Without a shadow of a doubt, Law No. 130 of 2022 constitutes a reform of historical importance, after more than a century of substantial regulatory immobilism (the last provisions on tax justice and the tax process dated back to 1864). A true Copernican revolution therefore – aimed at improving the quality of tax rulings and reducing litigation in the Court of Cassation – which finally sees the birth of the Fifth Magistracy and many other important innovations both in terms of the recruitment of tax judges (who become full-time professional judges with remuneration commensurate with their assigned duties), and in terms of the procedural process. Alessandra Calabrò, a Court of Cassation lawyer at the Rome Bar specialising in tax law, with extensive experience also in the field of bankruptcy law and credit recovery and restructuring, spoke on the subject.

by Roberta Imbimbo

Avv. Calabrò, what are the main innovations contained in the reform of justice and the tax process?

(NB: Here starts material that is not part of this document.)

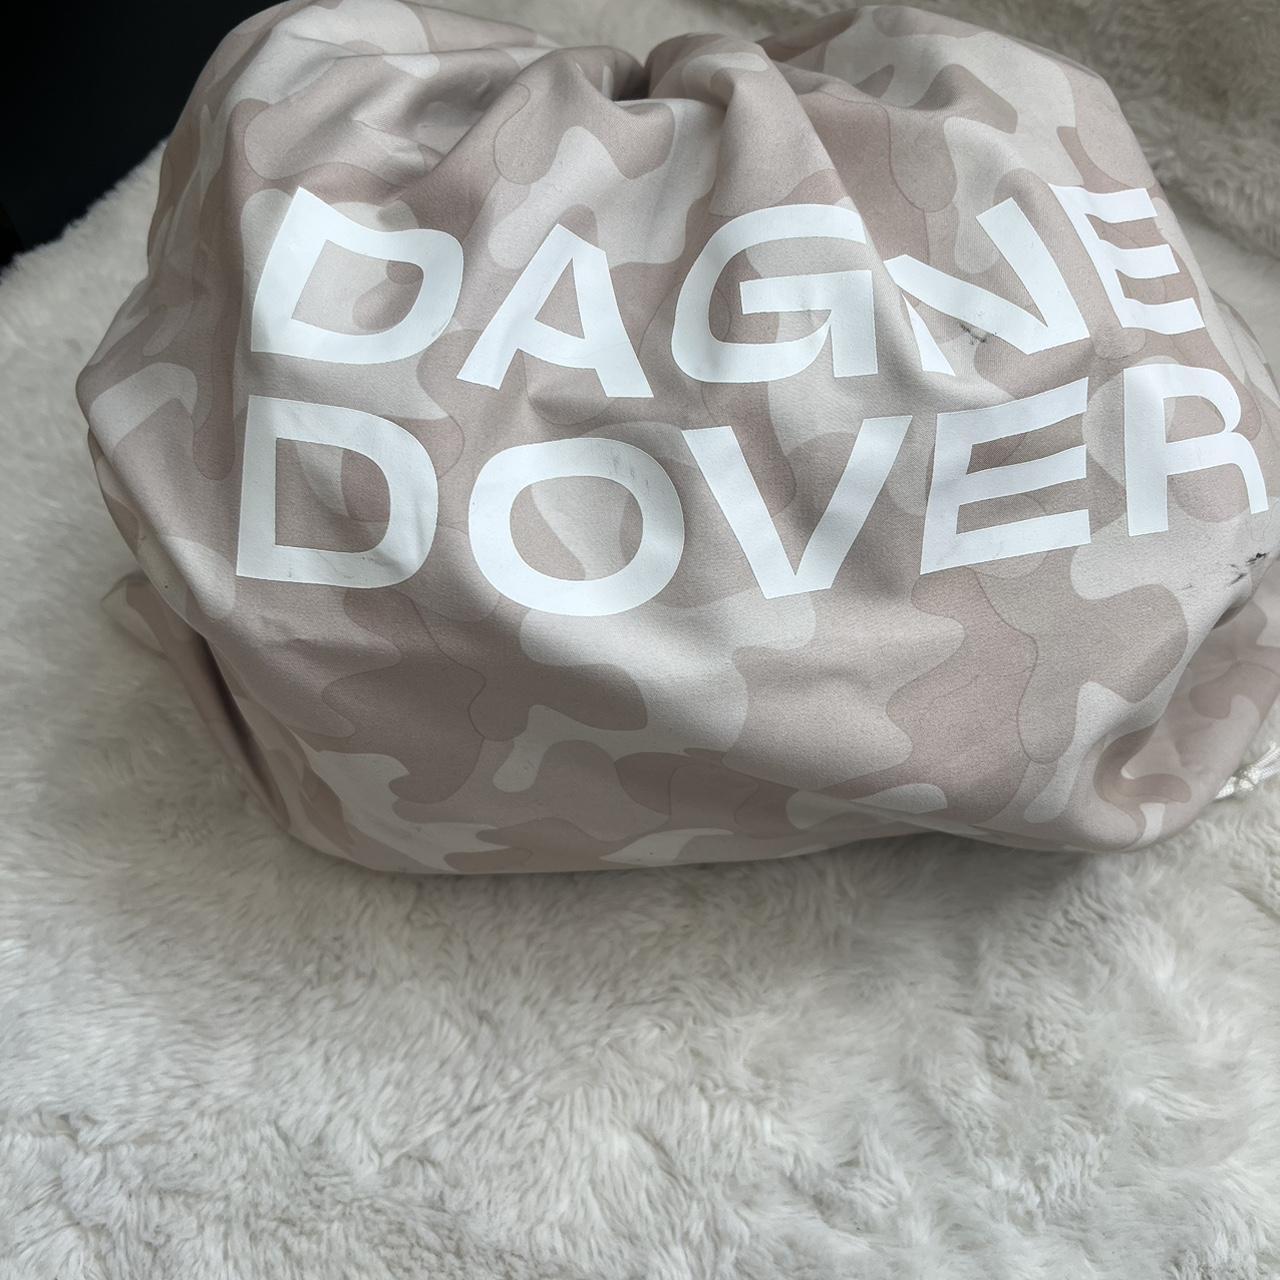 WHAT'S IN MY BAG  DAGNE DOVER LANDON CARRYALL💕

Law No. 130 of 2022 pursues the ambitious goal of rationalising the tax justice system through the professionalisation of the judge of merit, the provision of the figure of the professional tax magistrate, the creation of the Courts of Tax Justice of first and second instance to replace the provincial and regional Tax Commissions, and therefore, more generally, the establishment of a specialised Fifth Magistracy. The tax jurisdiction will thus be divided between togatized tax judges, appointed at the Tax Courts, present in the single national role as of 1 January 2022, and newly appointed tax magistrates who have passed a public competition on the basis of qualifications and examinations (for a total staff of 576 units, 448 at first instance and 128 at second instance). This is a very important novelty considering that, previously, the tax justice system was made up of part-time judges and this – clearly – did not safeguard their professionalism given the very technical nature of the issues to be dealt with. A further very important innovation introduced by the reform law in question is to be found in the establishment of an ad hoc section at the Court of Cassation exclusively in charge of dealing with tax disputes. Moreover, as from 16 September 2022, in order to reduce litigation, tax disputes pending before the Court of Cassation may be subject to facilitated settlement.

Law No. 130/2022 also introduced important innovations in the area of witness evidence. Can you tell us about it?

Another focal point. The law strengthens the powers of the defence, re-admitting also in tax trials the written testimonial evidence with the forms set out in Article 257-bis of the Code of Civil Procedure. This novelty represents an important milestone to guarantee the fairness of the tax trial, given that the previous prohibition represented a breach of the principle of full and effective judicial protection, incompatible with the principle of due process, as recalled by the European Court of Human Rights, according to which the admission of testimonial evidence in tax trials is to be considered mandatory when it is indispensable for the proper exercise of the taxpayer’s right of defence. Important news also on the burden of proof: in fact, the law establishes that the Tax Administration must ‘prove in court the grounds of its tax acts’. The judge, who must base his decision on the evidence that emerges in the case, will therefore proceed to annul the taxable act if the proof of its grounds is lacking or if the proof of its grounds is contradictory or in any case insufficient to demonstrate, in a circumstantiated and punctual manner, the objective reasons on which the tax claim and the imposition of penalties are based.

What about the institution of judicial conciliation?

Judicial conciliation was previously subject only to the will of the parties and the judge performed a merely notarial function. Today, on the other hand, the judge exercises a propulsive function, in that he may formulate a conciliatory proposal to the parties if the subject of the dispute is one that can be easily and promptly resolved. The party that refuses such a proposal may be called upon to pay court costs with a 50% surcharge. The law also introduces a precise administrative liability of the official who unreasonably rejects the conciliation proposal and the figure of the monocratic judge for cases up to €3,000. The aim is obviously to lighten the burden of tax litigation and speed up judicial action.

How do you rate this reform?

It is certainly a valid and long-awaited reform, aimed precisely at speeding up, simplifying and making the tax justice system more efficient. Obviously, some aspects of application will have to be carefully monitored over time and therefore only experience will teach us what the strengths and weaknesses of these revolutionary regulatory provisions will be and above all what the real impact of the reform will be on the relationship between taxpayers and the tax authorities.